What you need to do: Should the listing contain images, exclude them; give the rest again exactly.

Dataset extract:
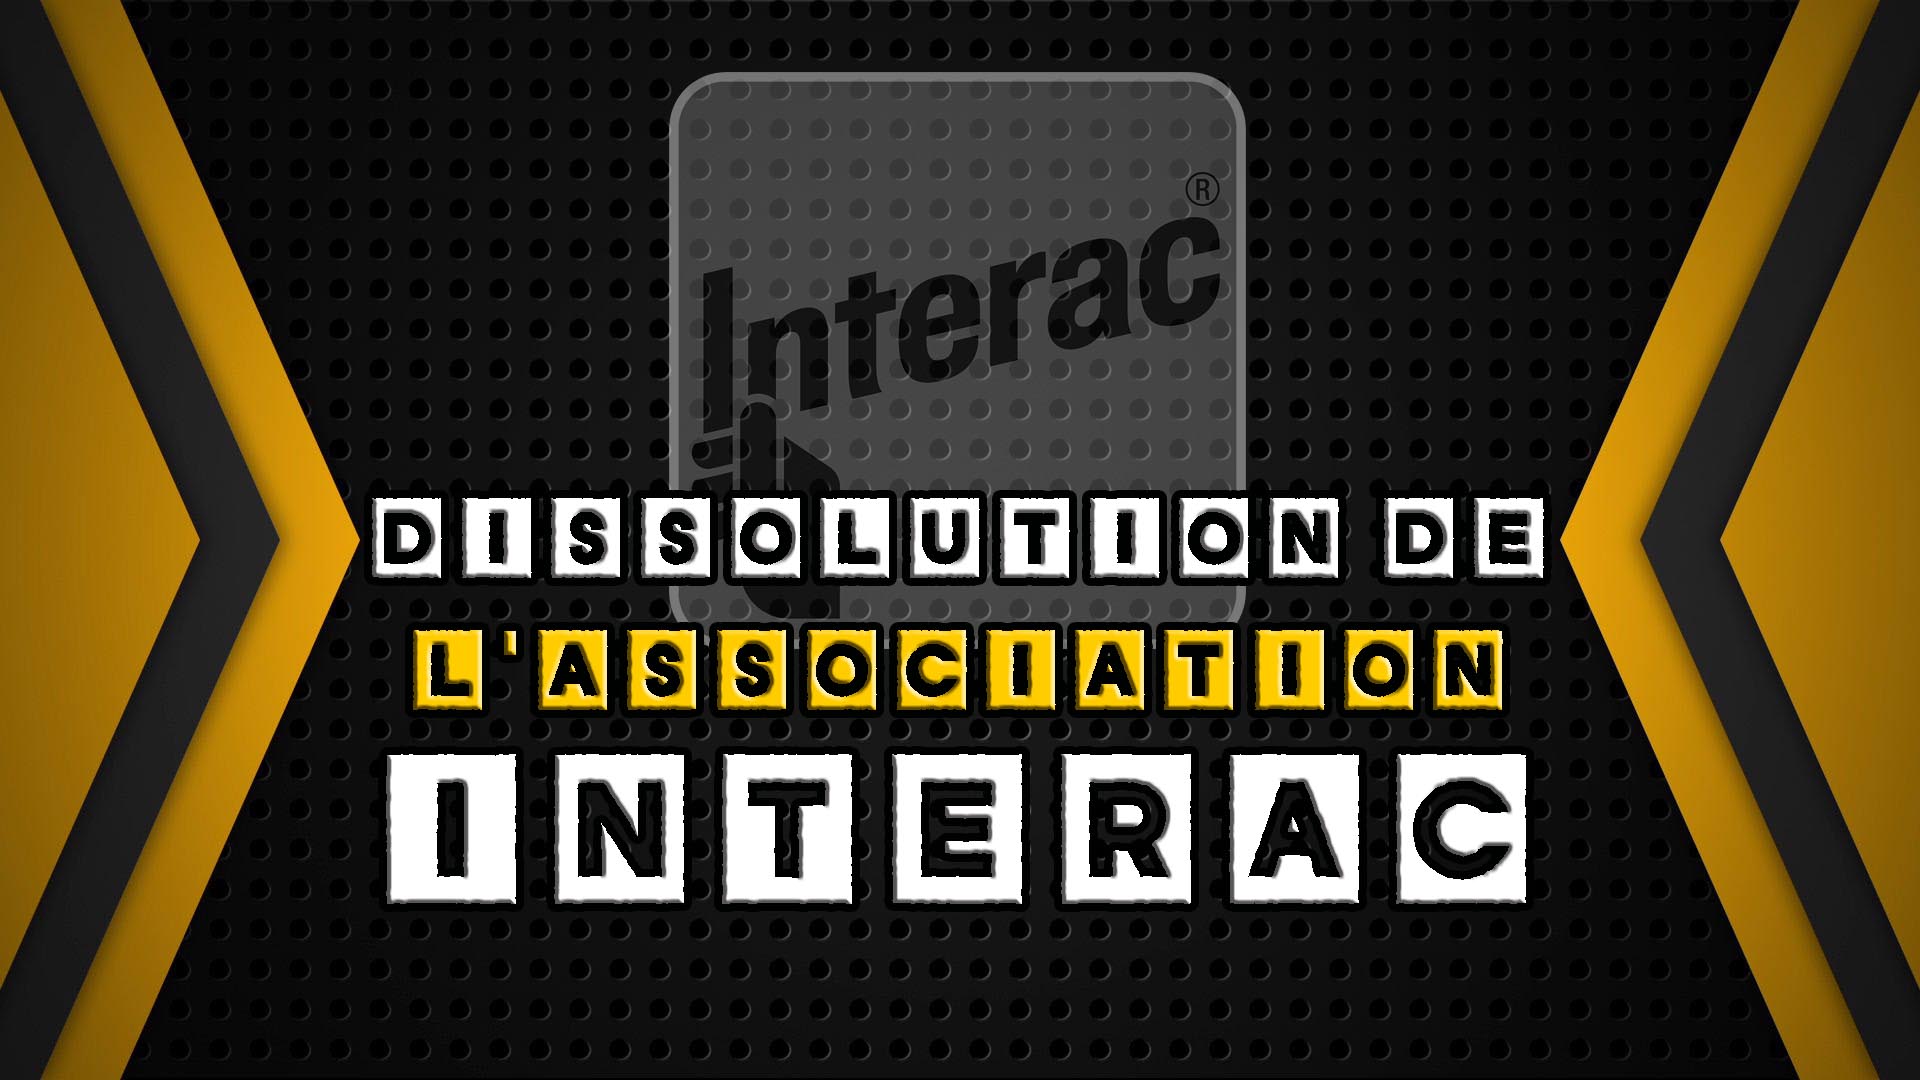 Dissolution de l'Association Interac - Fusion Interac Corp
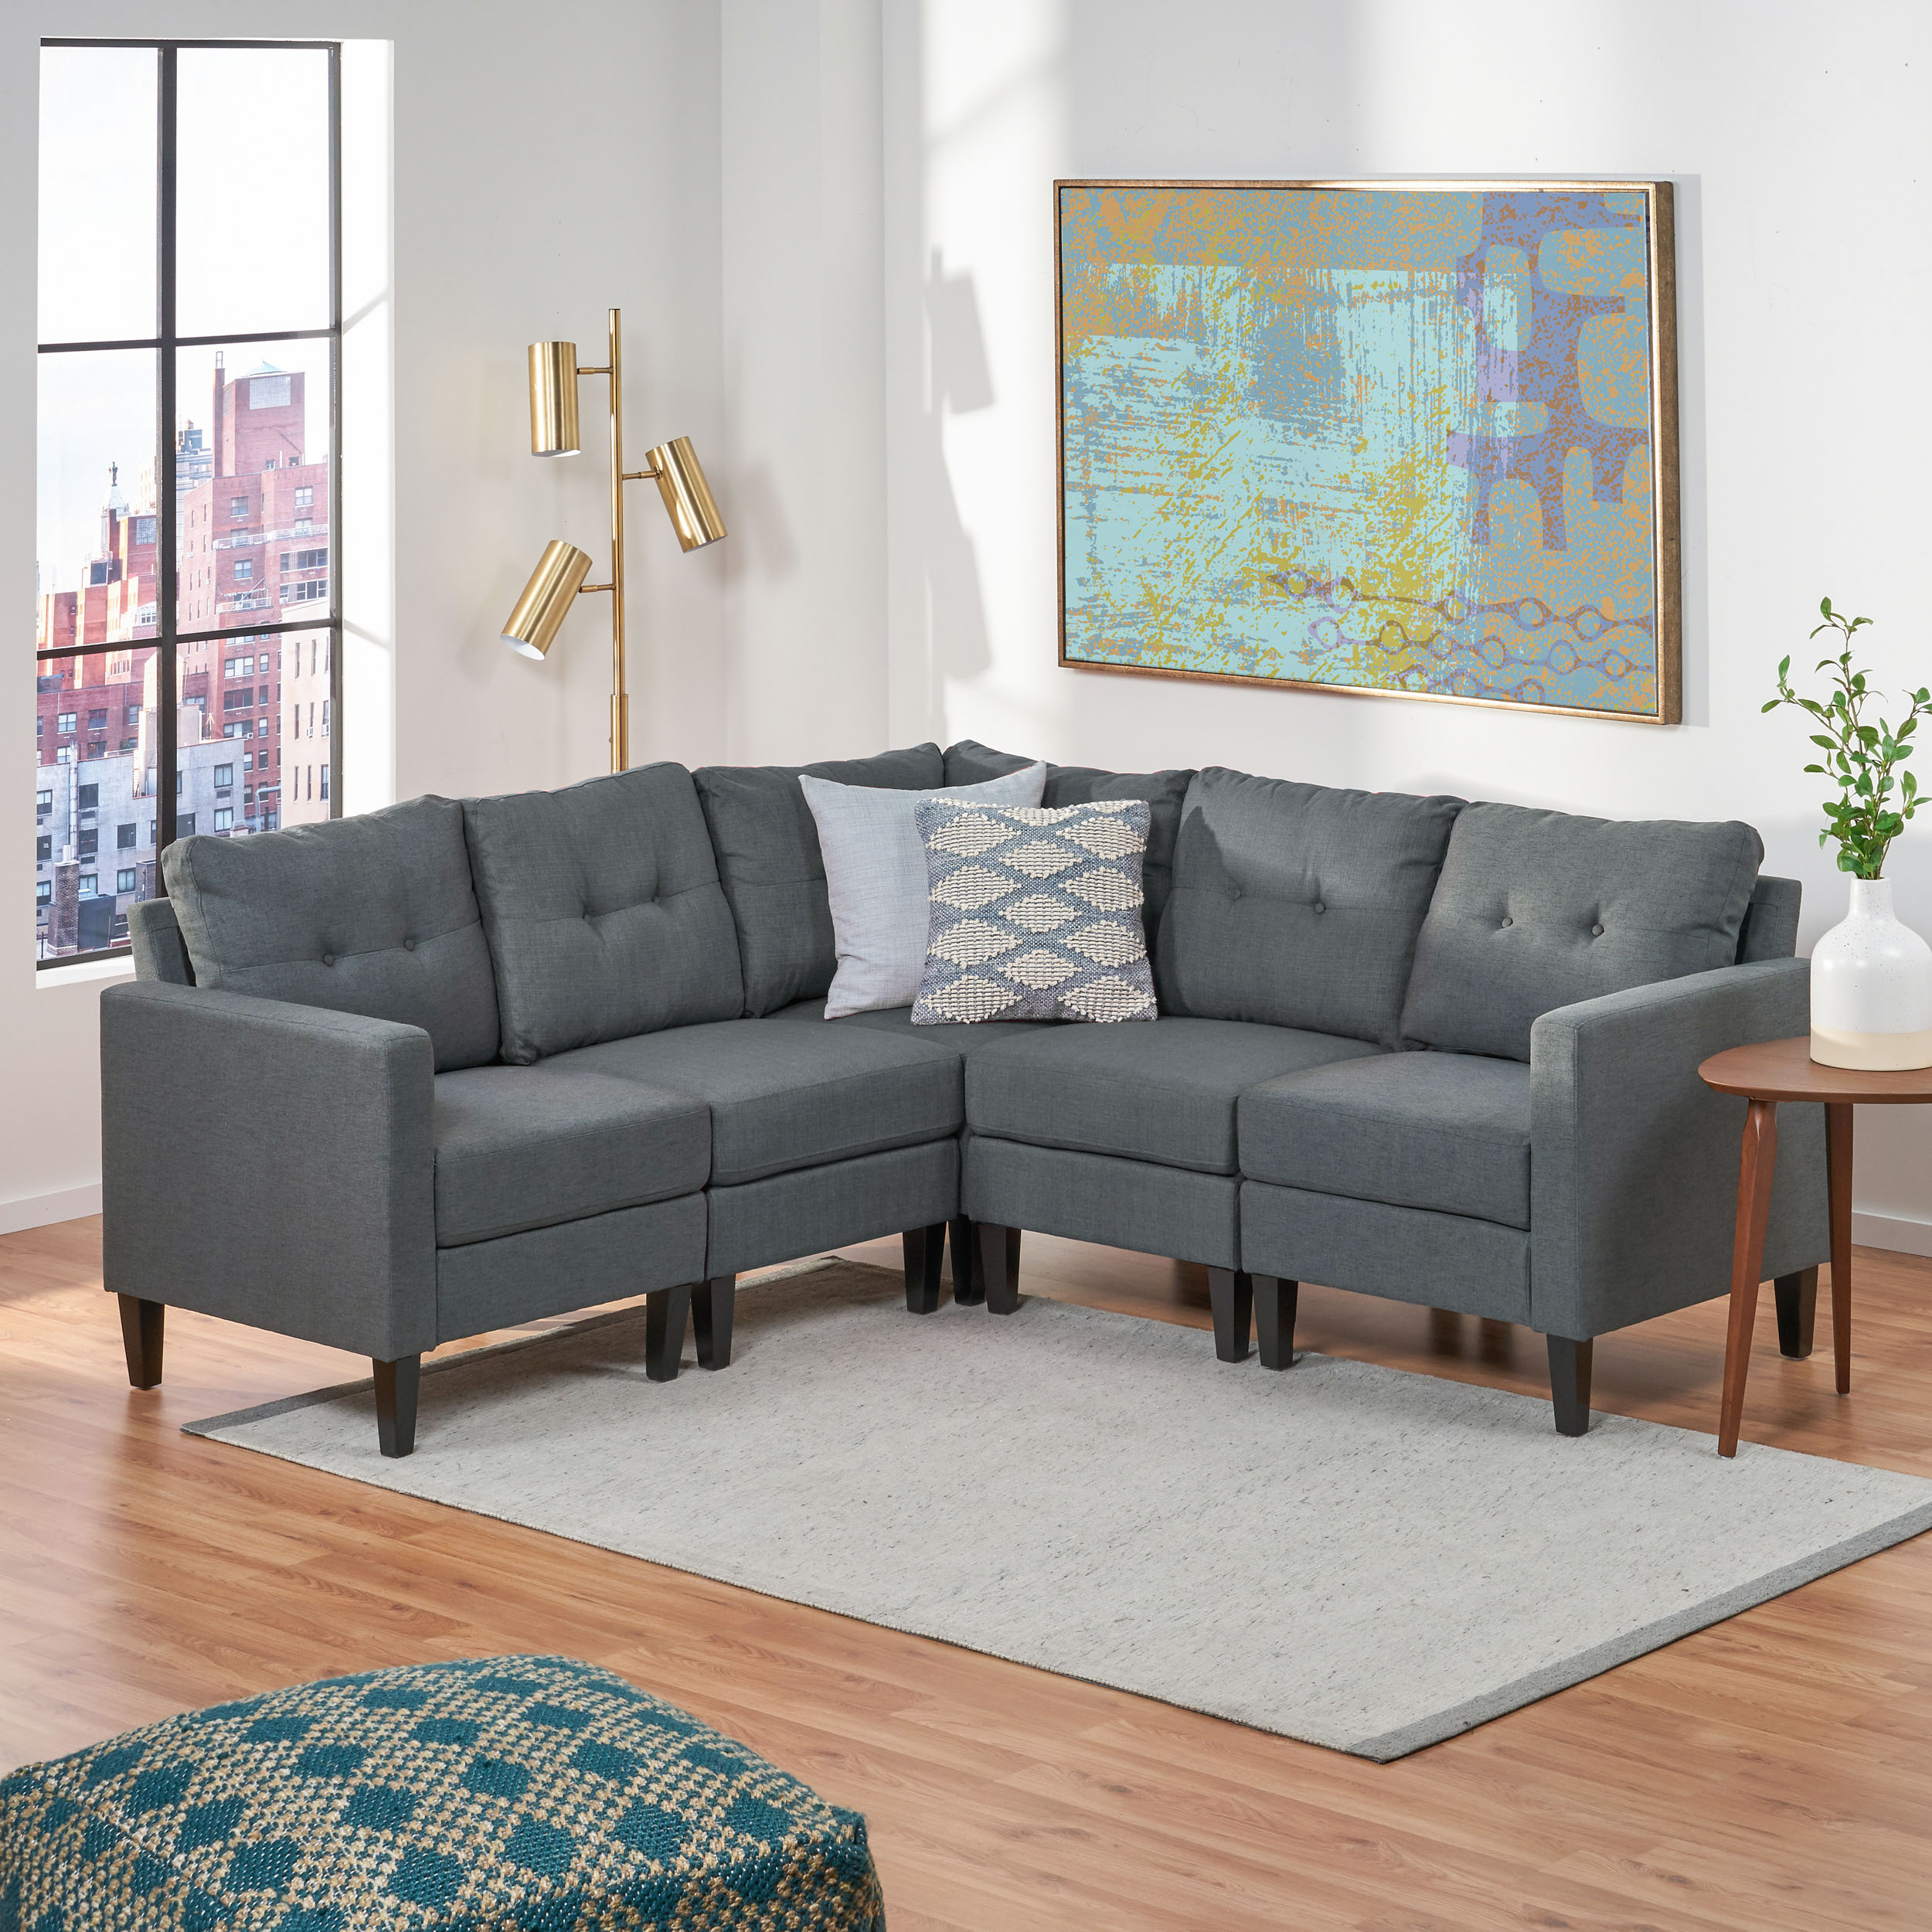 Niya Mid Century Modern 5 Piece Fabric Sectional Sofa - Navy Blue
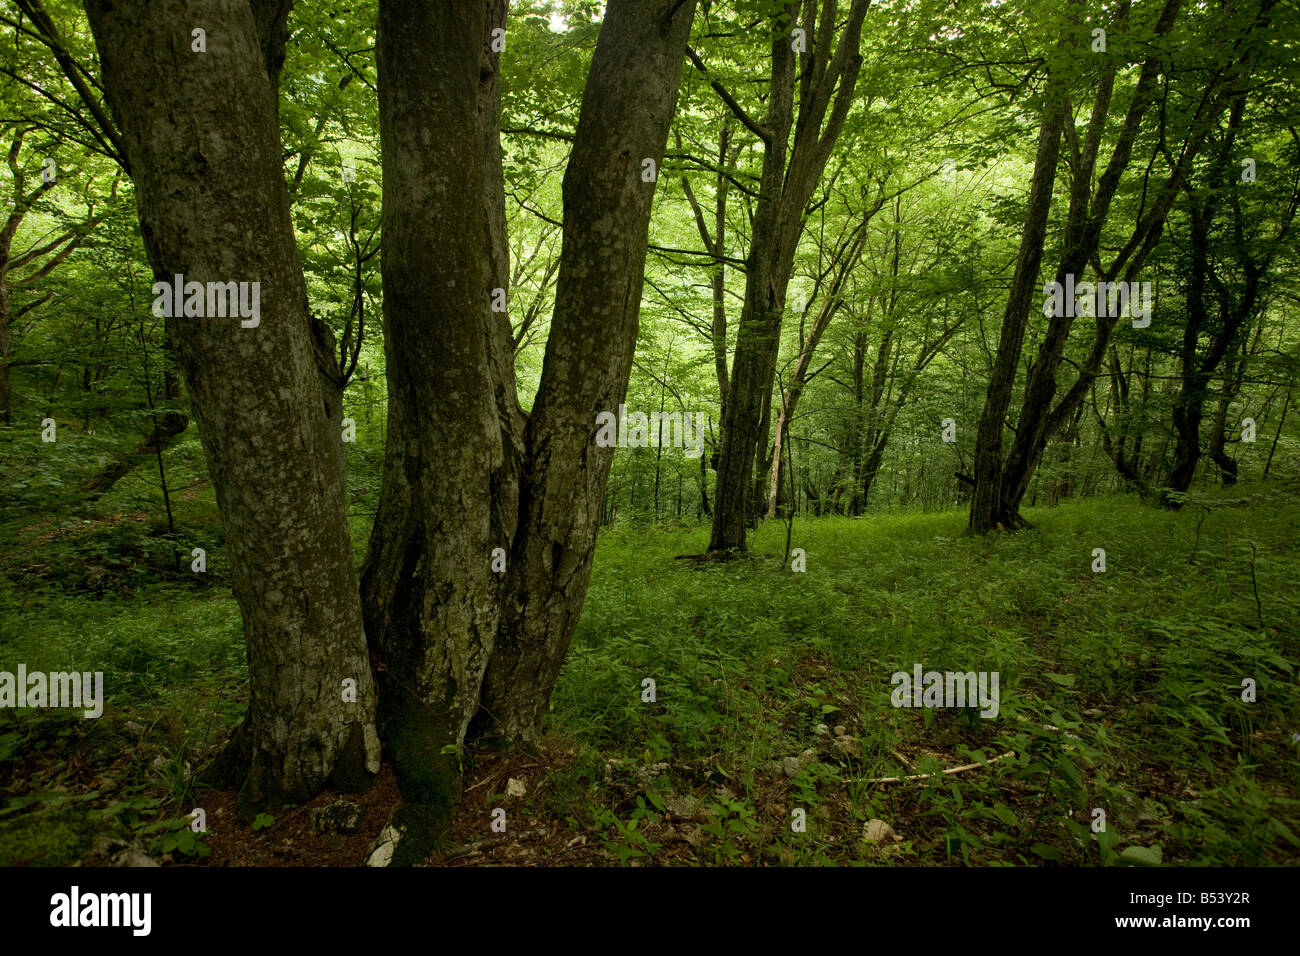 Old coppiced hornbeam woodland Carpinus betulus in the Varghis Gorge near Baraolt Central Romania Stock Photo

Answer to the exercise:
 Dissolution de l'Association Interac - Fusion Interac Corp
 Niya Mid Century Modern 5 Piece Fabric Sectional Sofa - Navy Blue
 Old coppiced hornbeam woodland Carpinus betulus in the Varghis Gorge near Baraolt Central Romania Stock Photo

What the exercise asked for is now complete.